I'm happy to unveil a much needed makeover for andrewberls.com! I've learned a huge amount since I first started this site what seems like forever ago, and I figured it was time to update the site to reflect that.

The process began with a much needed migration to Heroku's Cedar stack. Cedar is the successor to the previous Bamboo runtime stack on which my old site was deployed, and the migration was actually surprisingly easy with the help of this Dev Center article. Theoretically, Cedar offers all sorts of cool things such as a process model and 'Twelve-factor methodology', but the most important thing for me is support for Rails' 3.1 asset pipeline. This means that I can take full advantage of Sass and CoffeeScript, and easily serve up concatenated/compressed assets in production.

My favorite part is that the new site is fully responsive, thanks to a tiny grid framework I wrote called Cheeky.css. Syntactically, Cheeky is very similar to other grid frameworks in that you contain content in rows, with 16 columns available for positioning. Once you've defined spans and offsets, Cheeky uses responsive media queries to automatically scale the page as the browser resizes. I'll write more about Cheeky later, but in the meantime you can read more about it here. Check it out - try resizing your browser on this page!

Tips and Tricks

I'm currently using Eric Martin's Simple Modal jQuery plugin for the modals on the front page. I've only played around with it a little bit, but it's been super easy to use and I recommend it.

I also made a new discovery - I'm convinced that box-sizing: border-box; is the best thing to ever happen to CSS. In the traditional box model, padding adds to the rendered width of an element. This can be confusing sometimes, as elements are wider than their declared widths. This is especially an issue if you want to add padding to an element of width: 100%. In the normal, or content-box box model, the element will actually break outside of the parent. Enter box-sizing: border-box! Elements with this property declared will render with their declared width, and padding/borders will cut inside the box. Now you can add padding to elements without breaking a grid layout, or have 100% width form inputs with padding but without ugly hacks!

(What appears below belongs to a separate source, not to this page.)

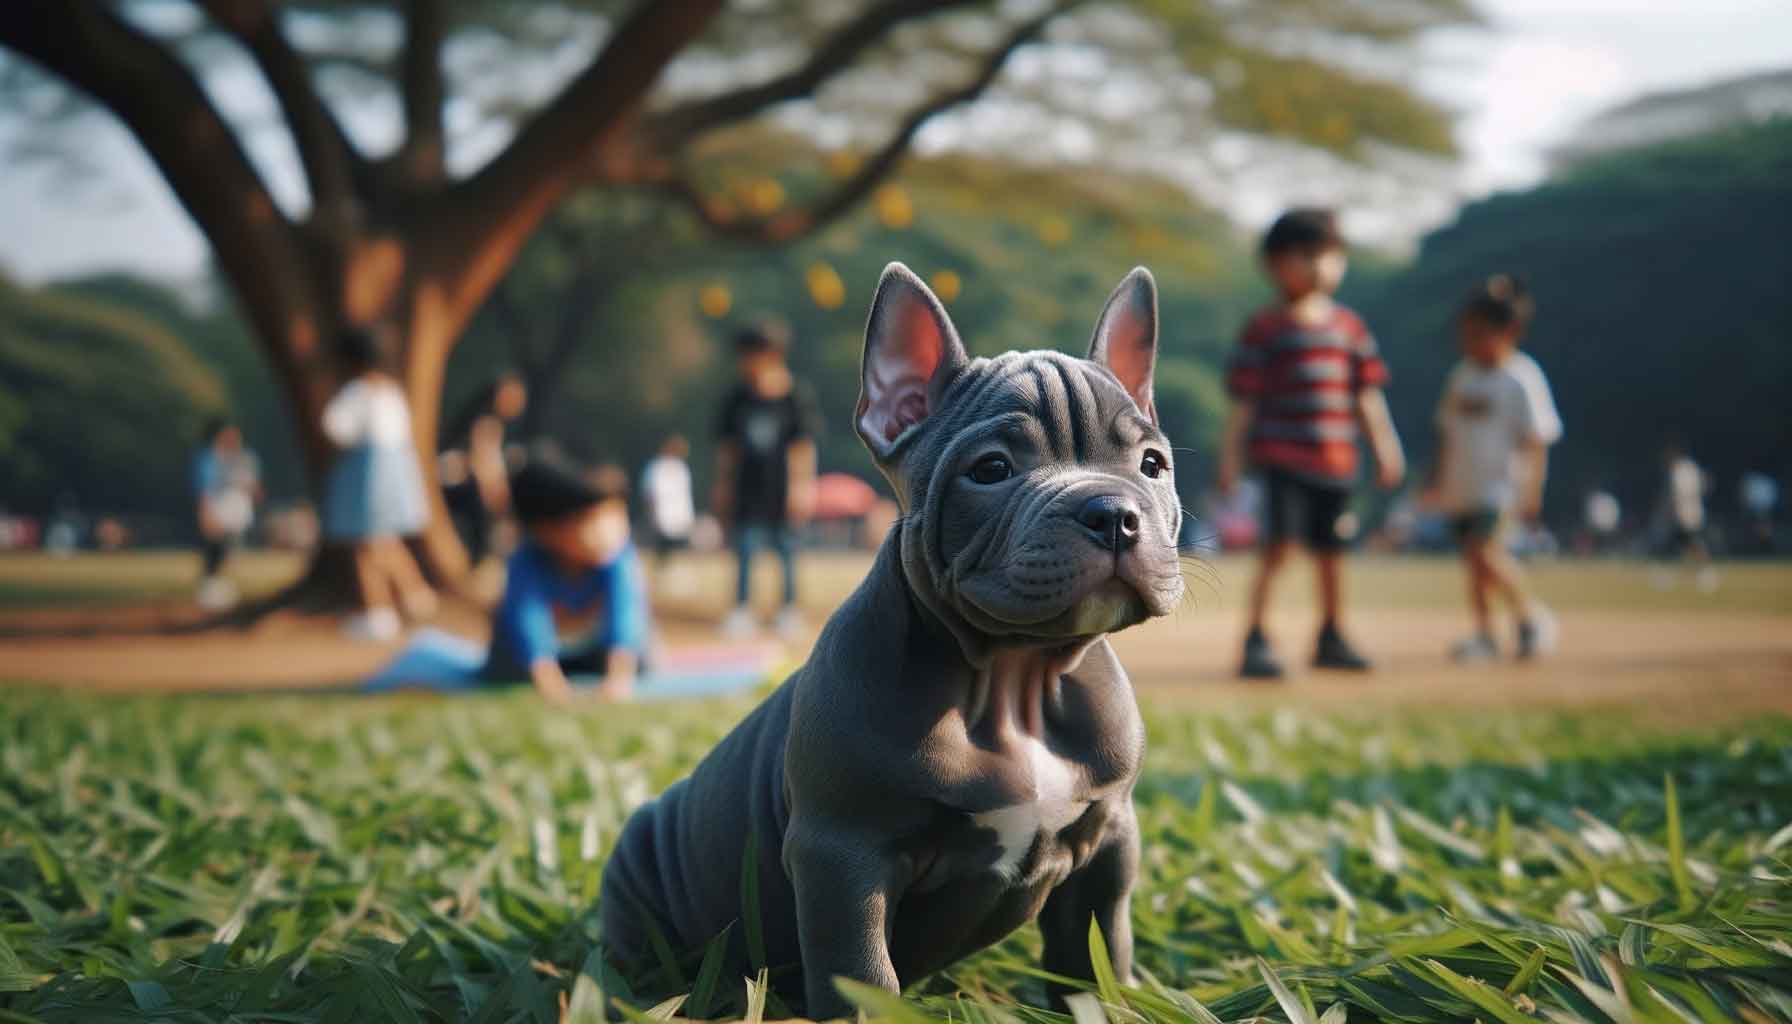 A Blue Micro Bully standing in a grassy park, with sunlit fur, as children play in the background.

Let's take a look at a very basic form example:

<!-- The HTML -->
<form class="contact-form">
  <input type="text" placeholder="Name">
  <textarea placeholder="Enter your message"></textarea>
</form>

/* The CSS */
.contact-form { padding: 20px; }

input[type="text"], textarea {
  /* The magic bit! */
  -webkit-box-sizing: border-box;
     -moz-box-sizing: border-box;
          box-sizing: border-box;

  margin-top: 15px; /* Space things out a bit */
  padding: 5px;
  width: 100%;
} 

And now you'll have beautiful inputs with padding that fill the content area! Hooray! We're using the [type="text"] selector here in order to exclude [type="submit"]. Note that this is also using the placeholder attribute, a neat HTML5 feature.

To wrap things up, border-box is a property that can make the box-model a lot more intuitive. However, I'm still wary of using a rule like * { box-sizing: border-box; } as described by Paul Irish, and one has to keep in mind that browser prefixes are still necessary, so this should be reserved for projects supporting IE8 and up.

What's next

Now that things are nice and pretty on the front end, I plan to dive in and rewrite the blog engine that powers this site. I wrote it when I was first learning Rails, and there's much to be done in the way of refactoring and cleaning up my first attempt. I'll likely be taking a lot of inspiration from Nate Wienert's Obtvse project. As always, all the code is open source over at GitHub. I'd love to hear any ideas or criticisms!